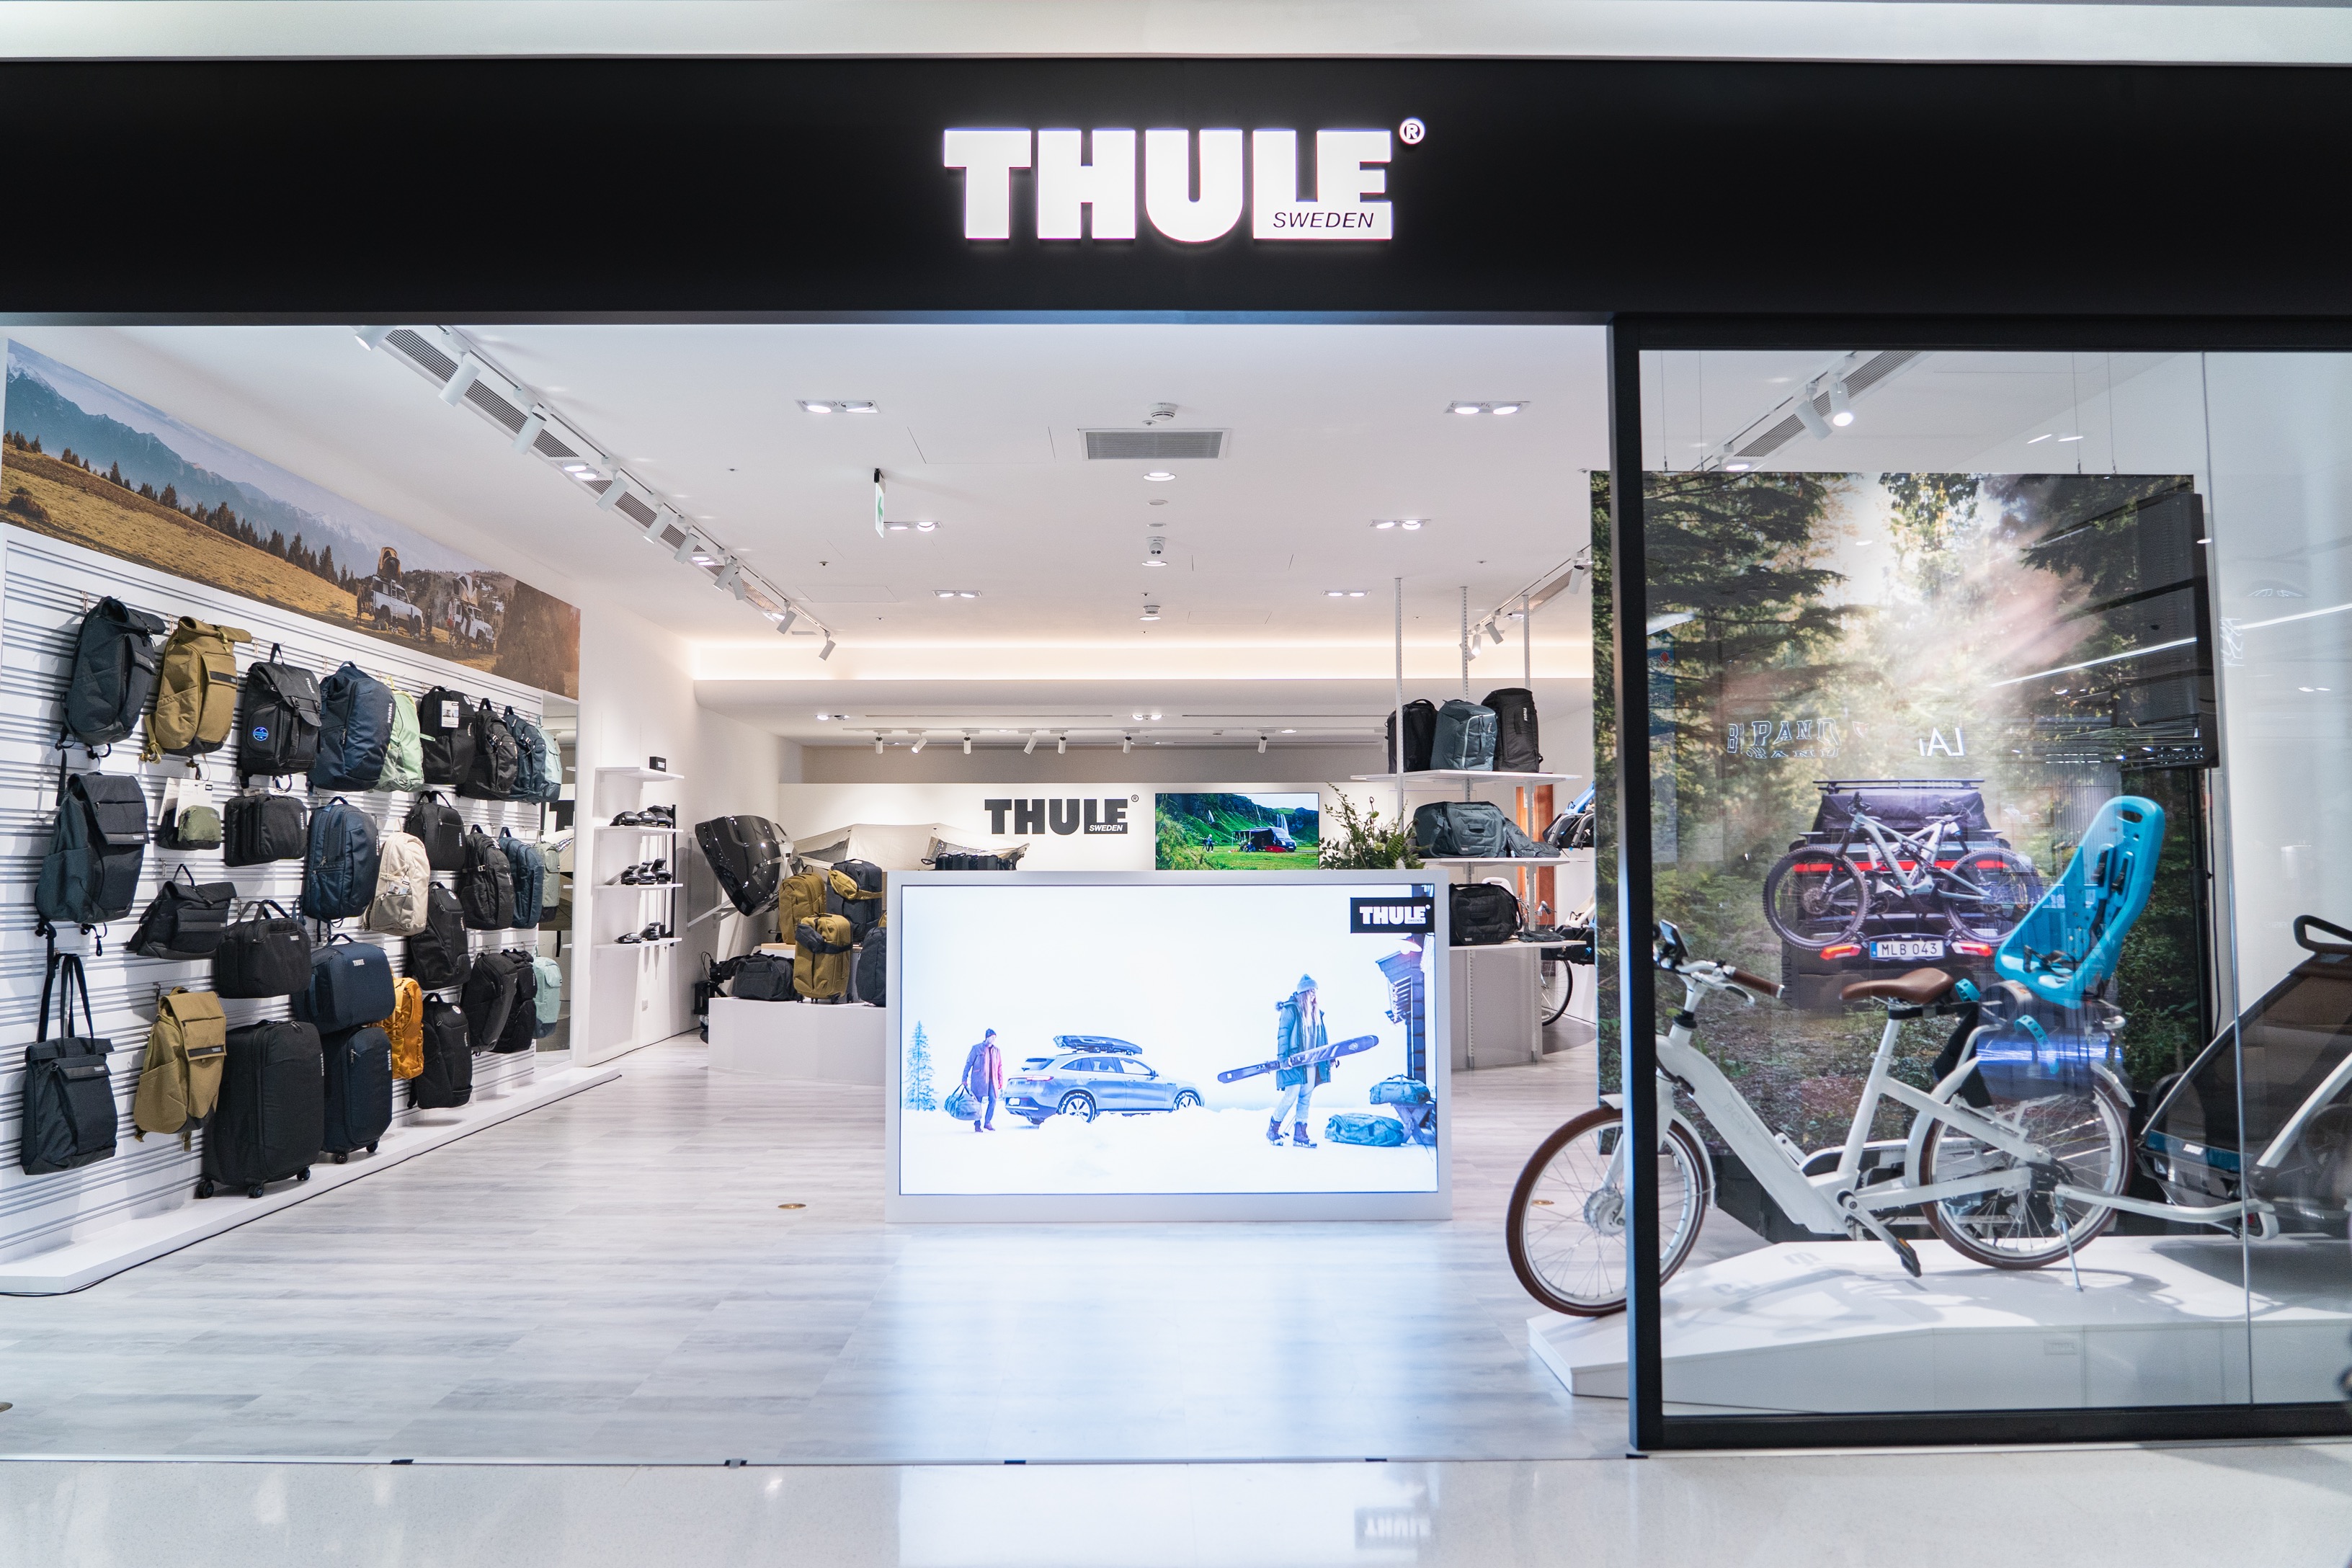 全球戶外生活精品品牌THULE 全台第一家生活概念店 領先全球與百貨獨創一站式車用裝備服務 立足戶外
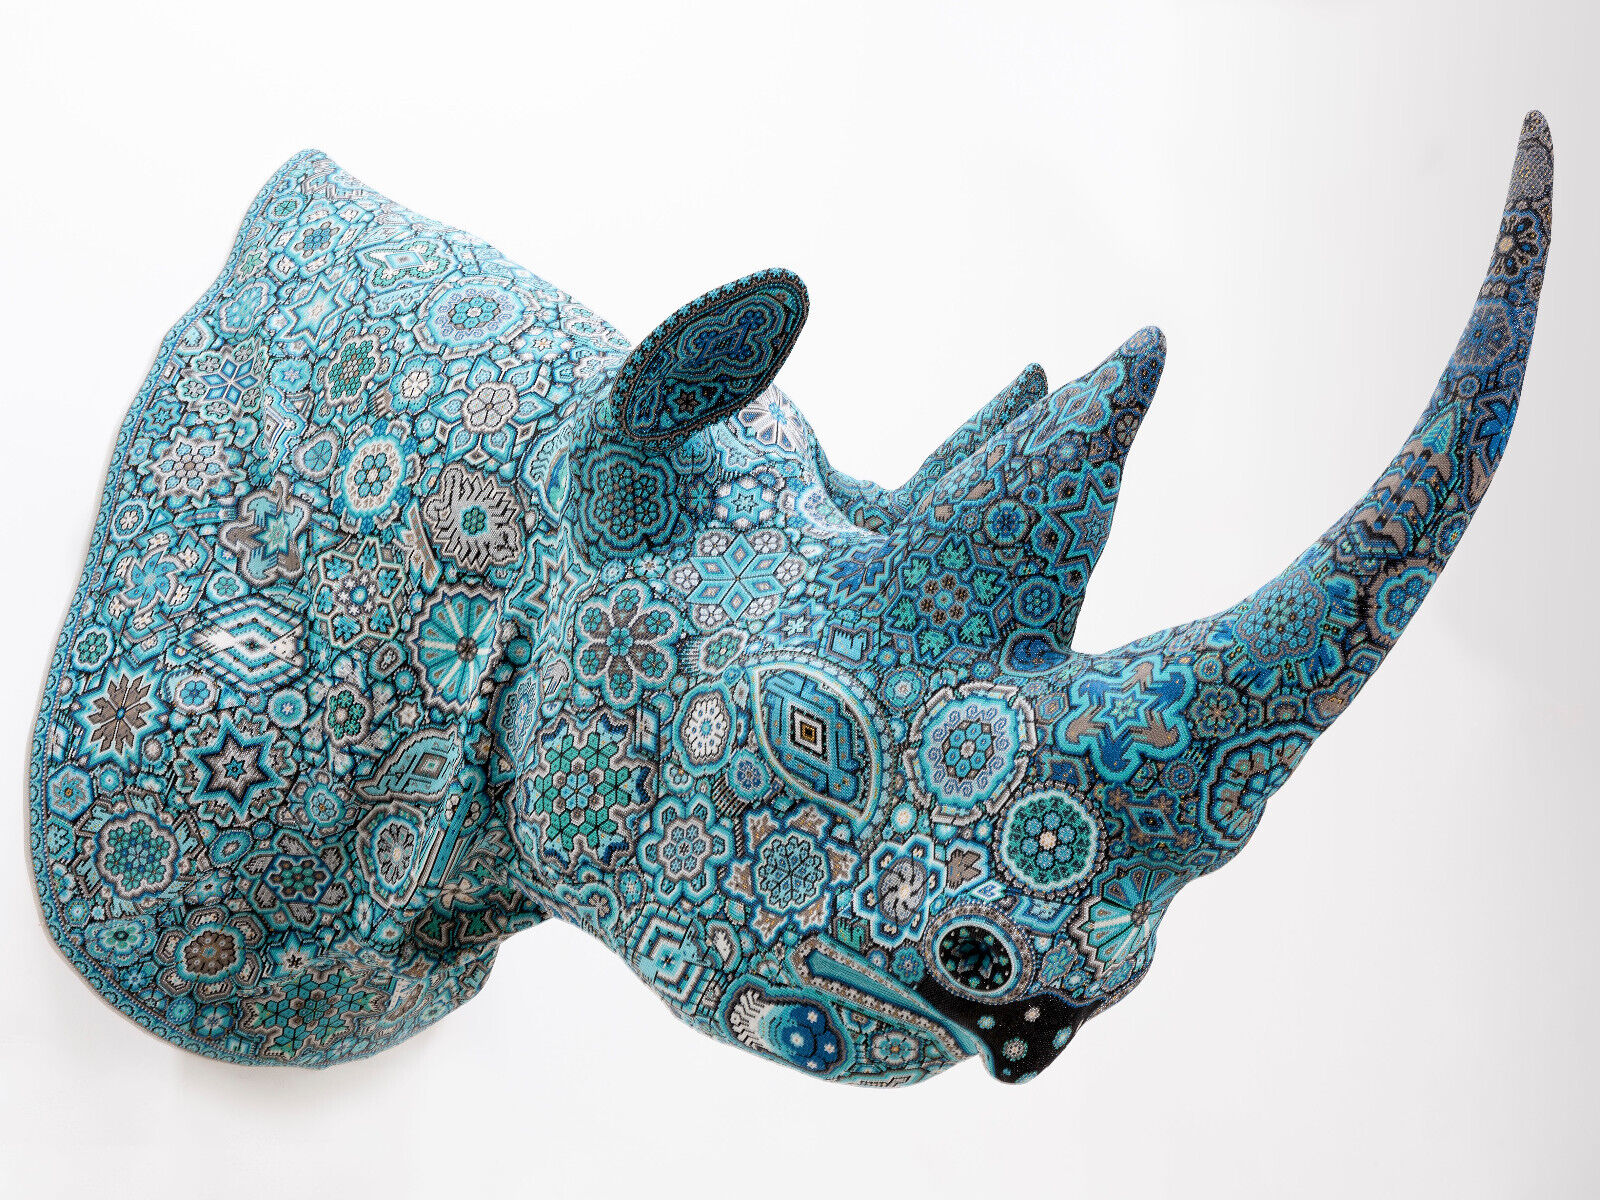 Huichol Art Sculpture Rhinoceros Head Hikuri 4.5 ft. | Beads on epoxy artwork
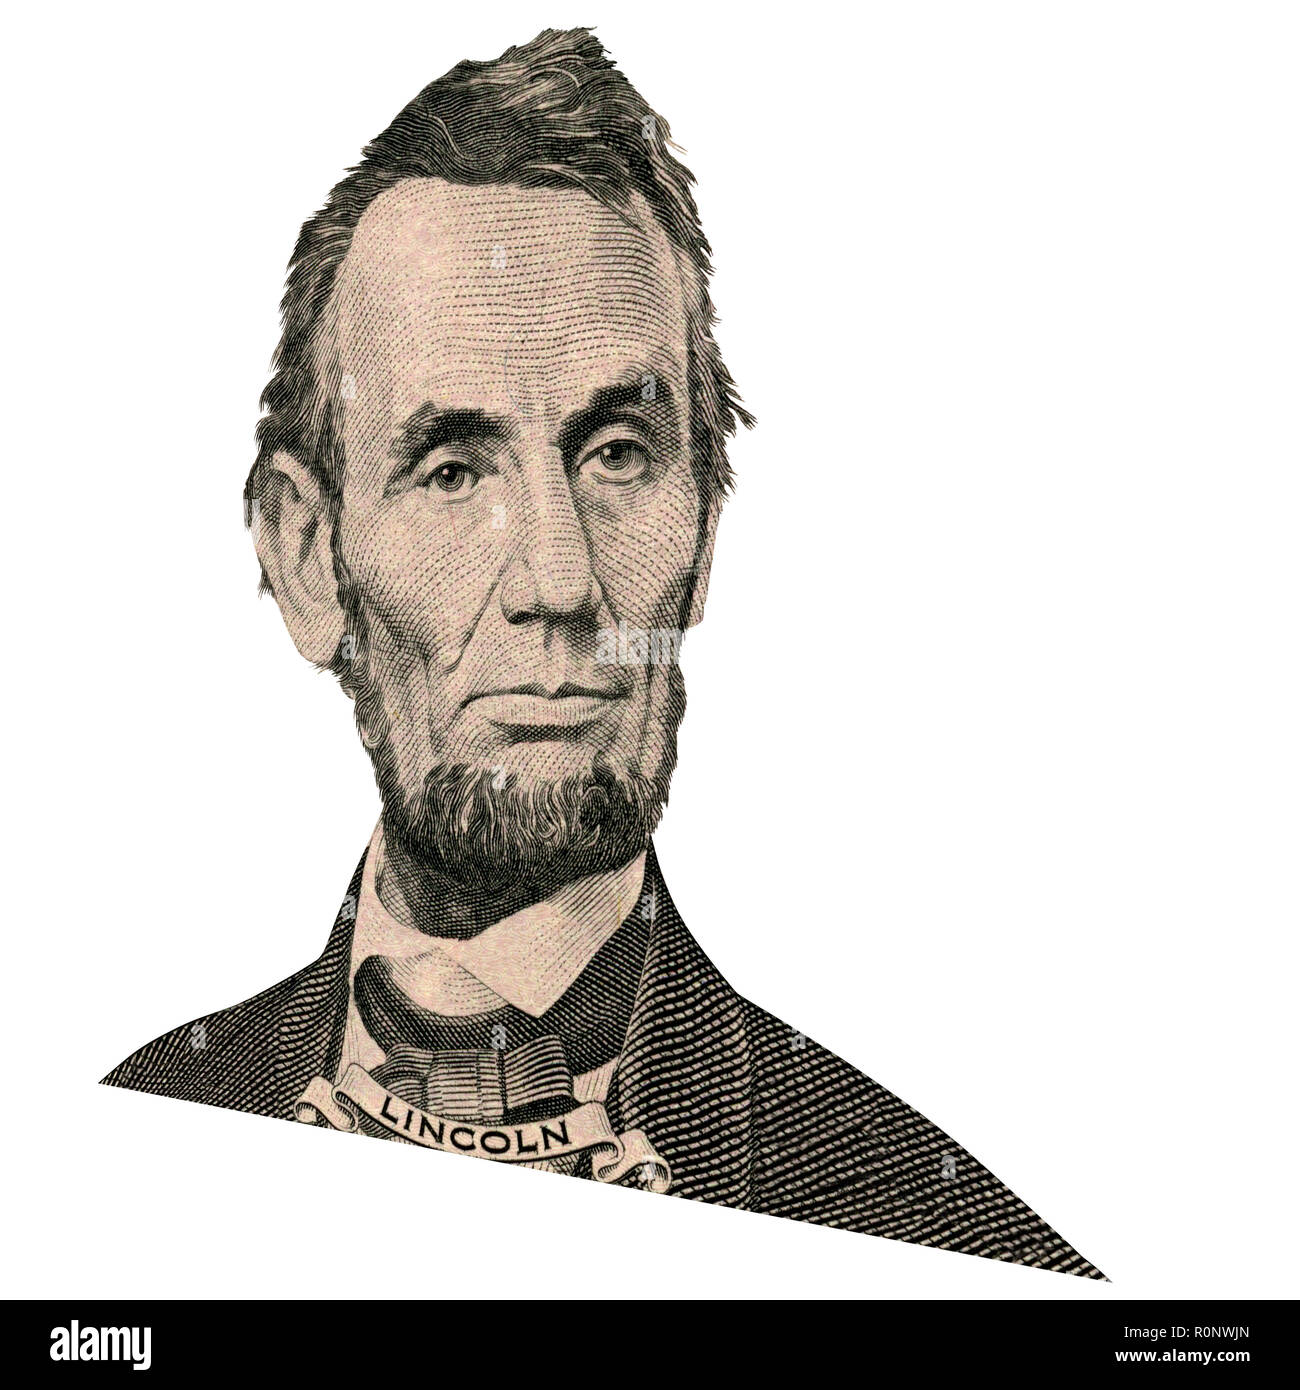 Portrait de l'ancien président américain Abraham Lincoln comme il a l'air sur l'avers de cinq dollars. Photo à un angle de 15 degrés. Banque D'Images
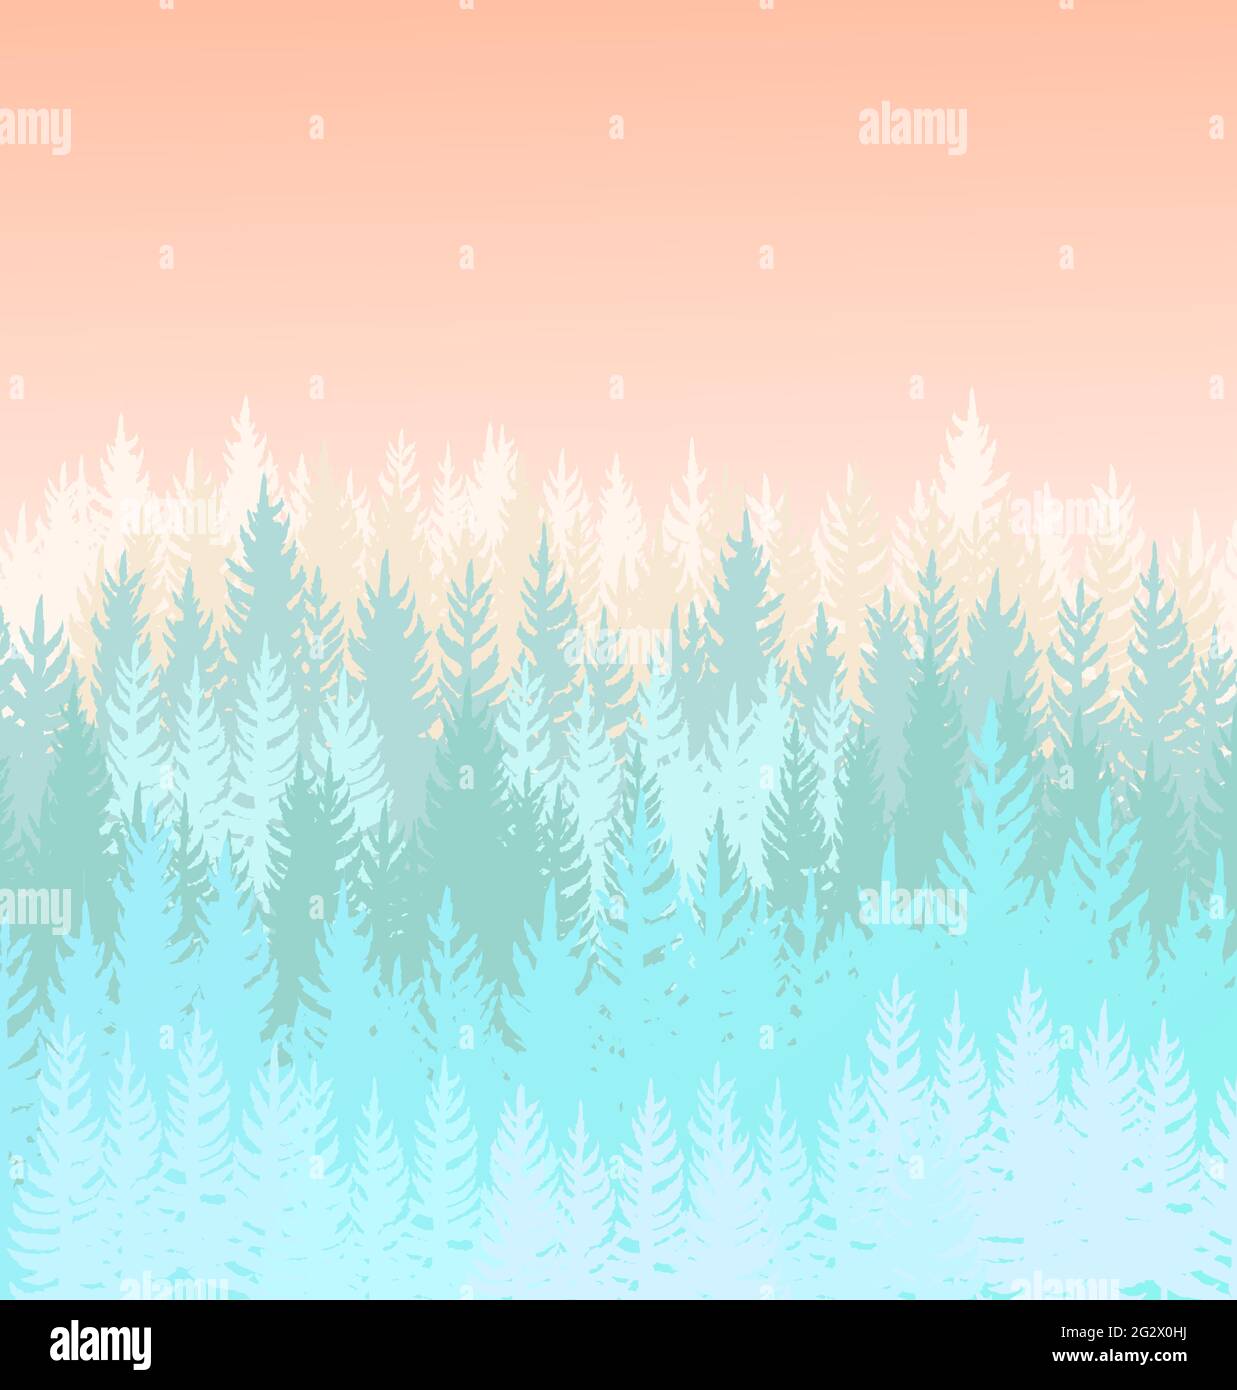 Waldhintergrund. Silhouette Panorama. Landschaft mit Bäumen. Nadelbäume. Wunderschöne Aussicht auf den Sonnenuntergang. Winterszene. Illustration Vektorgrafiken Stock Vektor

......

The listing above must be retyped word for word, without the pictures.

 全球戶外生活精品品牌THULE 全台第一家生活概念店 領先全球與百貨獨創一站式車用裝備服務 立足戶外
 Huichol Art Sculpture Rhinoceros Head Hikuri 4.5 ft. | Beads on epoxy artwork
 Portrait de l'ancien président américain Abraham Lincoln comme il a l'air sur l'avers de cinq dollars. Photo à un angle de 15 degrés. Banque D'Images
 Waldhintergrund. Silhouette Panorama. Landschaft mit Bäumen. Nadelbäume. Wunderschöne Aussicht auf den Sonnenuntergang. Winterszene. Illustration Vektorgrafiken Stock Vektor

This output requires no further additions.